→ **Raw data**:
^^^^^^^^
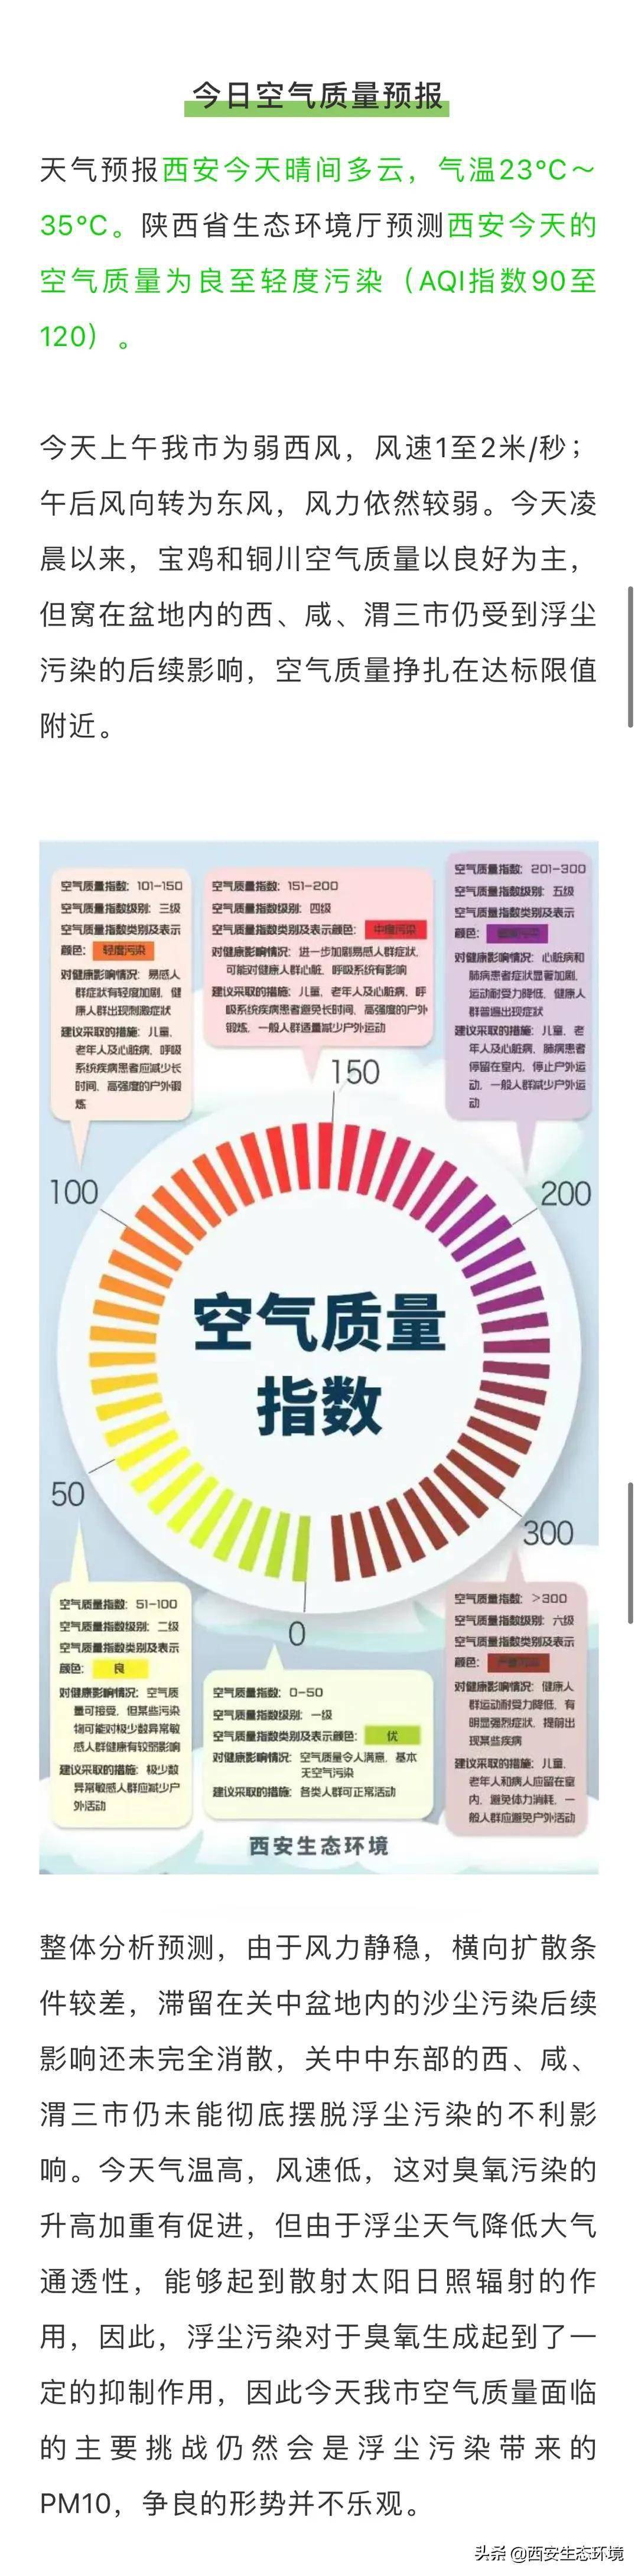 陕西省生态环境厅预测西安今天的空气质量为良至轻度污染(aqi指数90
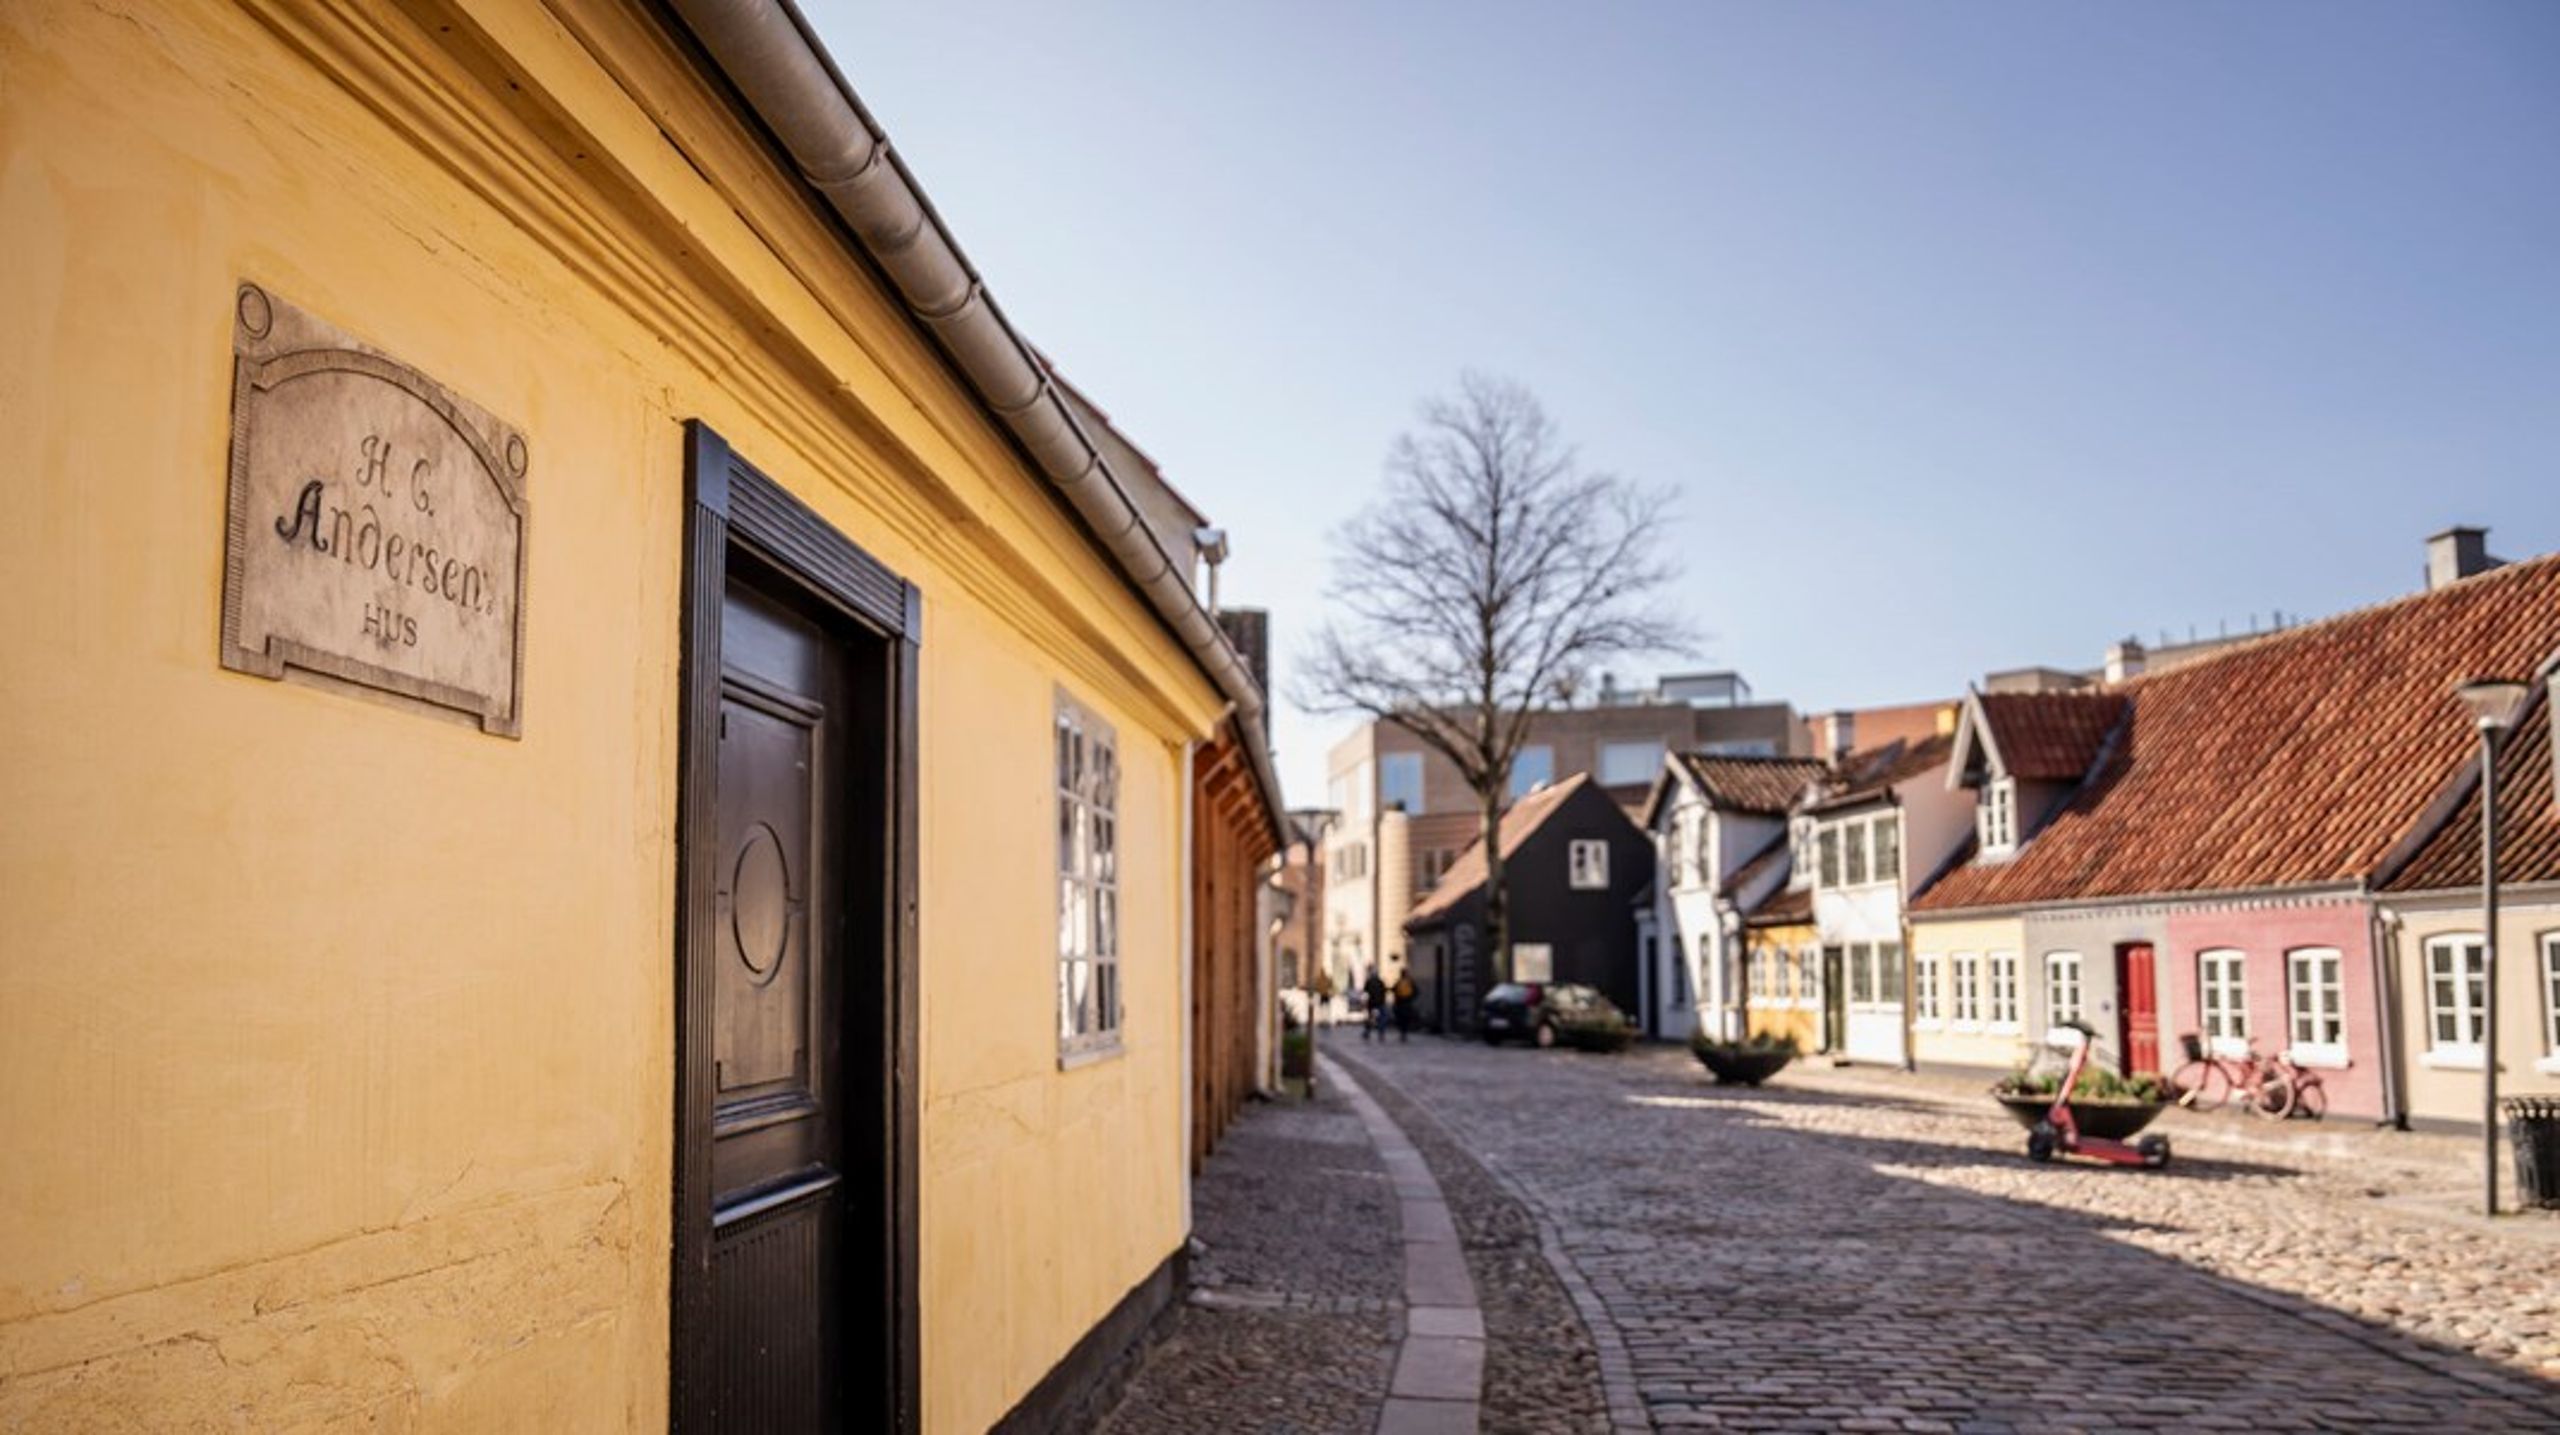 Hvordan kan det være, at Museum Odense, der fortæller historien om Danmarks mest berømte digter, er blevet bedømt som værende udelukkende af national interesse, spørger Henrik Harnow og Ole Nielsen.
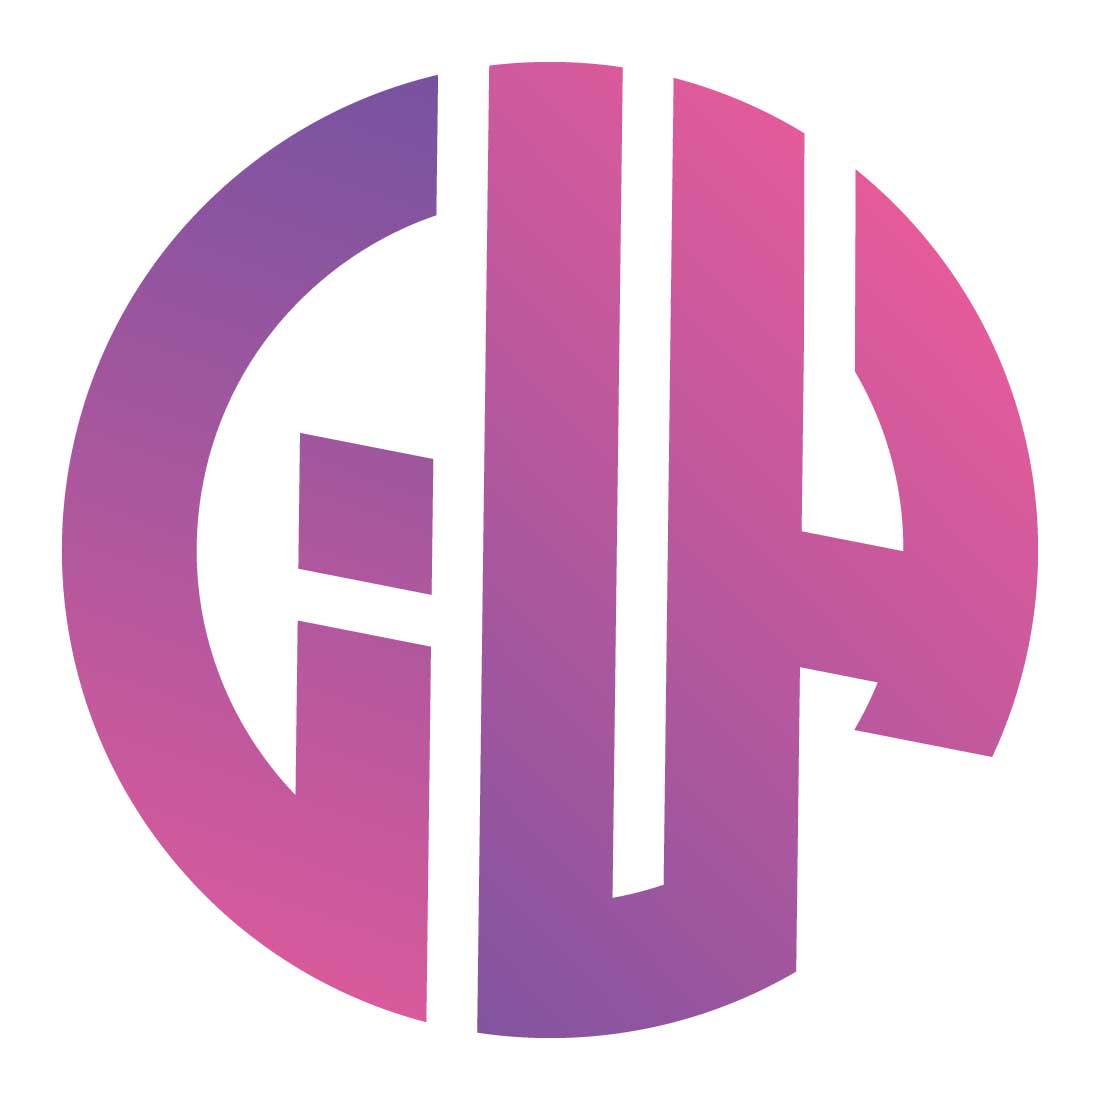 GHA letter momogram logo SVG/EPS/PNG preview image.
^^^^^^^^
→ **Activity**: Copy the listing exactly. Any image in it stays out of the copy.

→ **Response**:
 陕西省生态环境厅预测西安今天的空气质量为良至轻度污染(aqi指数90
 Hvordan kan det være, at Museum Odense, der fortæller historien om Danmarks mest berømte digter, er blevet bedømt som værende udelukkende af national interesse, spørger Henrik Harnow og Ole Nielsen.
 GHA letter momogram logo SVG/EPS/PNG preview image.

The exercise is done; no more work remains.